Fig. 6:. Prophylactic inhibition of HSF1 attenuates HCMV infection in vivo.

(A) Timeline for skin implantation, drug treatment phase, and infection period of athymic mice. (B to G) Mice were treated daily beginning 2 days prior to infection with vehicle controls, SISU-102 (5 mg/kg/day), or valganciclovir (50 mg/kg/day). At day 2 following first drug administration, the bottom xenograft in each mouse was mock infected or infected with 10⁶ plaque forming units (pfu) of ΔUL18-fLuc. Bioluminescence imaging and quantification (total flux) of the inoculated (B) and uninoculated (G) skin xenografts were measured at the indicated time points using an IVIS Spectrum bioluminescence imaging system. Body weights of the mice were measured at the indicated time points throughout the drug treatment and infection phase (C). Bioluminescence and body weight data are representative of 7 to 22 mice per treatment group. Skin xenografts at day 16 post infection were collected, fixed, and processed for immunohistochemistry (IHC) to detect GFP (red) and nuclei (purple) (D).
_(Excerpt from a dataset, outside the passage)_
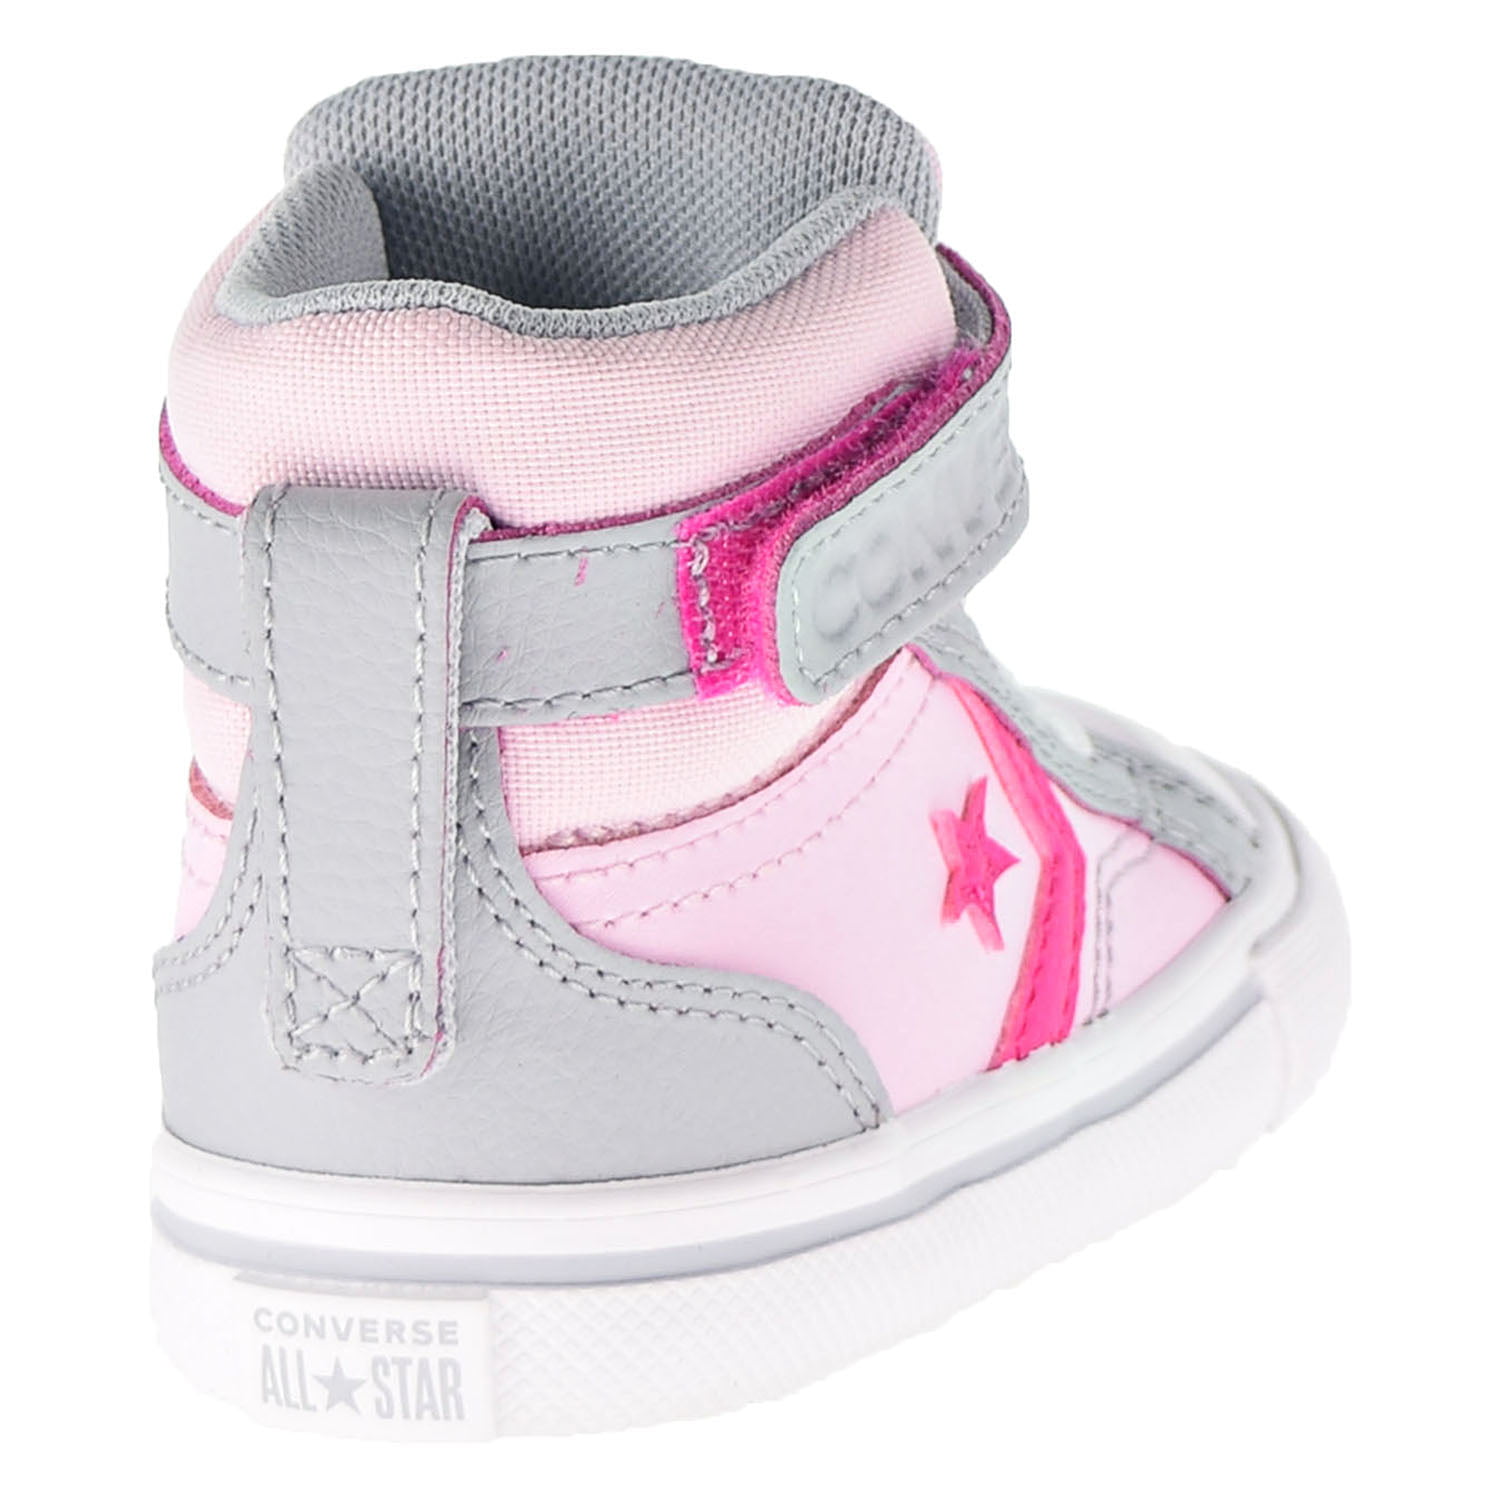 Converse Leather Strap Grey 766052c Hi Blaze (2 Two-Tone Pink US) Toddler M Pro Foam-Wolf Shoes

IHC data are representative of 5 biological replicates per group. At 16 days post infection, skin xenografts were harvested and homogenized into a single cell suspension (E, F). Viral genome copy number from each skin xenograft was determined by qPCR analysis for UL123 and GAPDH (E). qPCR data are representative of 3 to 4 biological replicates per group. GFP, total HSF1, UL44, and gL were detected by Western blot (F). β-actin was used as a loading control. Western blots are representative of 5 biological replicates per group. *P<0.05, ****P < 0.0001, by one-way ANOVA with Tukey’s HSD post hoc test.